De quoi interloquer la vice-présidente LR du Sénat, Sophie Primas. « C’est une idée qui est à contrepied de ce que nous défendons et c’est très éloigné des demandes des agriculteurs. Et quand je lis qu’Éric Ciotti propose de financer en partie cette mesure en prenant sur la politique de la ville, c’est opposer les urbains aux ruraux. On viendrait ponctionner la politique de la ville parce que des petits ‘’sauvageons’’ ont dégradé leur quartier ? Non, ce n’est pas l’objectif de notre famille politique. Nous devons faire Nation.
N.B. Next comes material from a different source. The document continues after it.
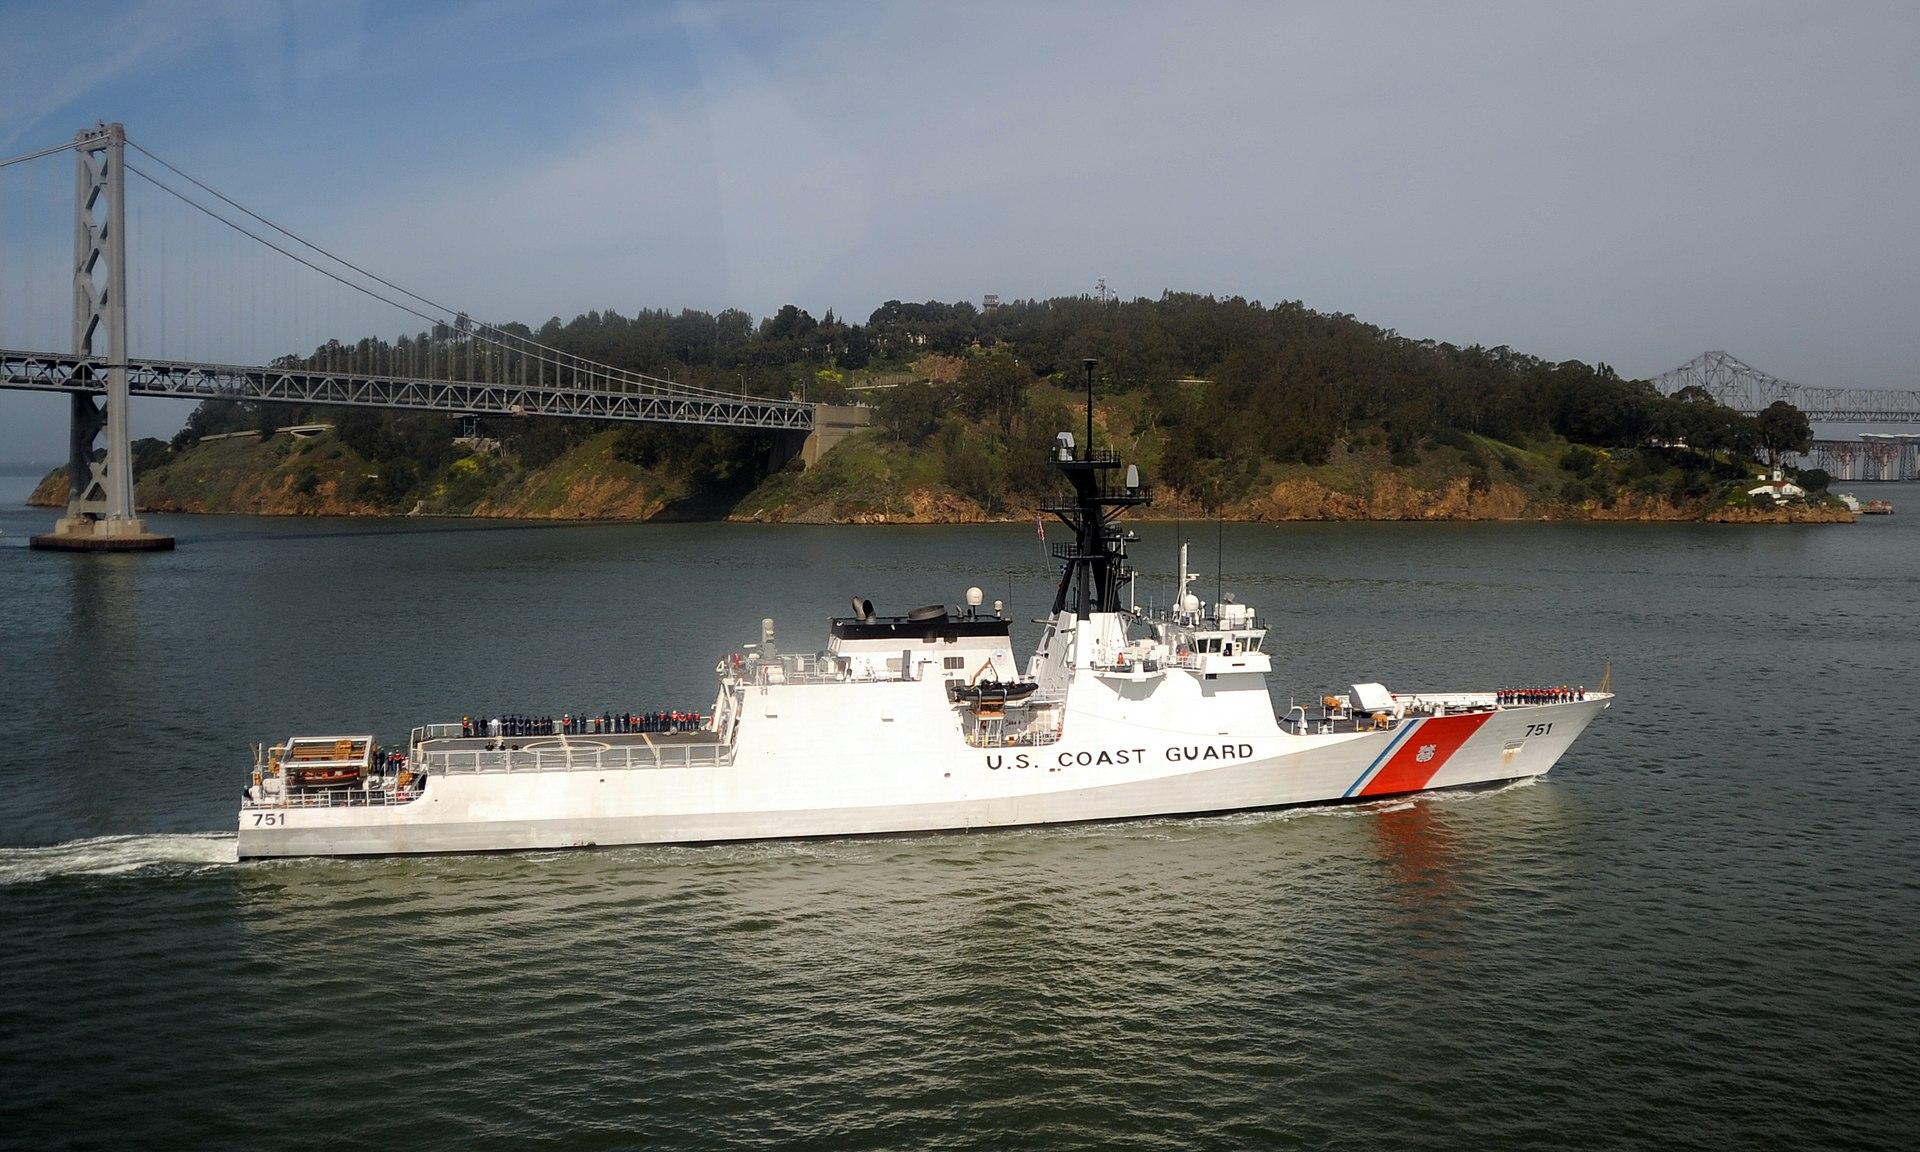 USCGC_Waesche_by_Yerba_Buena_Island.jpg

Quant à l’autre partie du financement qui proviendrait des amendes sur la grande distribution qui ne respecte pas la loi, elle n’aurait aucune pérennité. Si des entreprises ne respectent pas la loi, elles doivent être sanctionnées, mais il faut arrêter de placer en permanence les différents acteurs de l’alimentation dans le conflit », tance-t-elle.

Pascale Gruny (LR) vice-présidente LR de la commission des affaires sociales, s’étonne également de la proposition du président des Républicains. « Je comprends ce que veut dire Éric Ciotti, il y a urgence à s’occuper du revenu des agriculteurs. Mais accepter un SMIC agriculteurs, ce n’est pas du tout dans leur ADN. Les agriculteurs demandent à vivre de leur activité. Ils vivent déjà très mal qu’on les qualifie de fonctionnaires de la PAC. Et je vois dans mon département, l’Aisne, que c’est déjà très compliqué pour ceux qui ont des difficultés, d’aller faire une demande de RSA ».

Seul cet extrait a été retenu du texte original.